For the Chat-80 question-answering system, David Warren and Fernando Pereira designed an ontology for a microworld of geographical concepts. The hierarchy in Figure 3 shows the Chat-80 categories, which were used for several related purposes: for reasoning, they support inheritance of properties from supertypes to subtypes; for queries, they map to the fields and domains in a database; and for language analysis, they determine the constraints on permissible combinations of nouns, verbs, and adjectives. Yet Figure 3 is specialized for a single application: rivers and roads are considered subtypes of lines; and bridges, towns, and airstrips are treated as single points.

Figure 3: Geographical categories in the Chat-80 system

For Chat-80, the restrictions illustrated in Figure 3 simplified both the analyzer that interpreted English questions and the inference engine that computed the answers. But the simplifying assumptions that were convenient for Chat-80 would obscure or eliminate details that might be essential for other applications.

Although many database and knowledge-based systems are considerably larger than Chat-80, the overwhelming majority of them have built-in limitations that prevent them from being merged and shared with other projects.

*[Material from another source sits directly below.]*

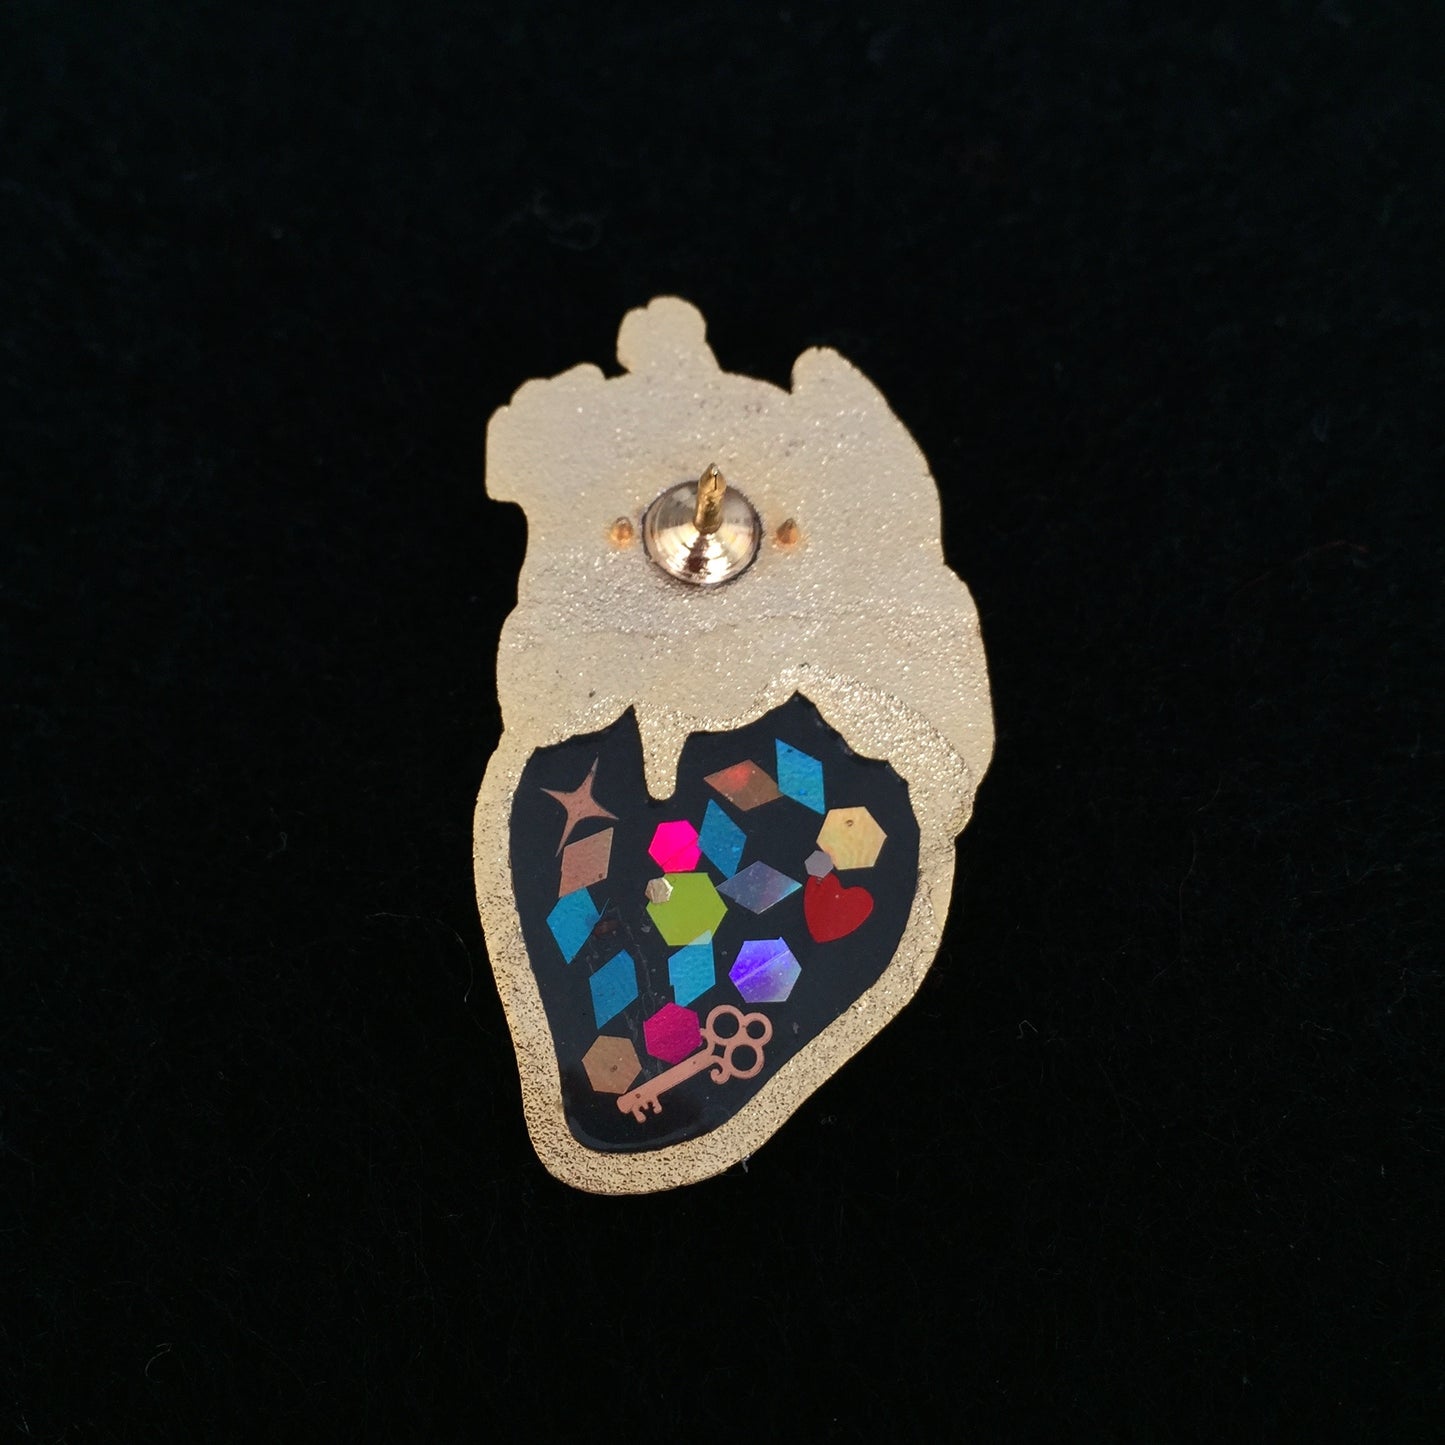 Transparent Heart Pin - Love Is The Key

Banks, for example, have a large number of similar concepts, such as CheckingAccount, SavingsAccount, Loan, and Mortgage. Yet when two banks merge, there are so many inconsistencies in the detailed specifications of those concepts that the resulting database is always the disjoint union of the original databases. Any actual merging is usually accomplished by canceling all the accounts of one type from one bank, transferring the funds, and recreating totally new accounts in the format of the other bank.

Conceptual Schema. The need for standardized ways of encoding knowledge has been recognized since the 1970s. The American National Standards Institute (ANSI) proposed that all pertinent knowledge about an application domain should be collected in a single conceptual schema (Tsichritzis & Klug 1978). Figure 4 illustrates an integrated system with a unified conceptual schema at the center. Each circle is specialized for its own purposes, but they all draw on the common application knowledge represented in the conceptual schema. The user interface calls the database for query and editing facilities, and it calls the application programs to perform actions and provide services. Then the database supports the application programs with facilities for data sharing and persistent storage. The conceptual schema binds all three circles together by providing the common definitions of the application entities and the relationships between them.

Figure 4: Conceptual schema as the heart of an integrated system

For more than twenty years, the conceptual schema has been important for integrated application design, development, and use. Unfortunately, there were no full implementations. Yet partial implementations of some aspects of the conceptual schema have formed the foundation of several important developments: the fourth generation languages (4GLs); the object-oriented programming systems (OOPS); and the tools for computer-aided software engineering (CASE). Each of these approaches enhances productivity by using and reusing common data declarations for multiple aspects of system design and development. Each of them has been called a solution to all the world's problems; and each of them has been successful in solving some of the world's problems. But none of them has achieved the ultimate goal of integrating everything around a unified schema. One programmer characterized the lack of integration in a poignant complaint:

Any one of those tools by itself is a tremendous aid to productivity.
But any two of them together will kill you.

The latest attempt to integrate all the world's knowledge is the semantic web. So far, its major contribution has been to propose XML as the common syntax for everything. That is useful, but the problems of syntax are almost trivial in comparison to the problems of developing a common or at least a compatible semantics for everything.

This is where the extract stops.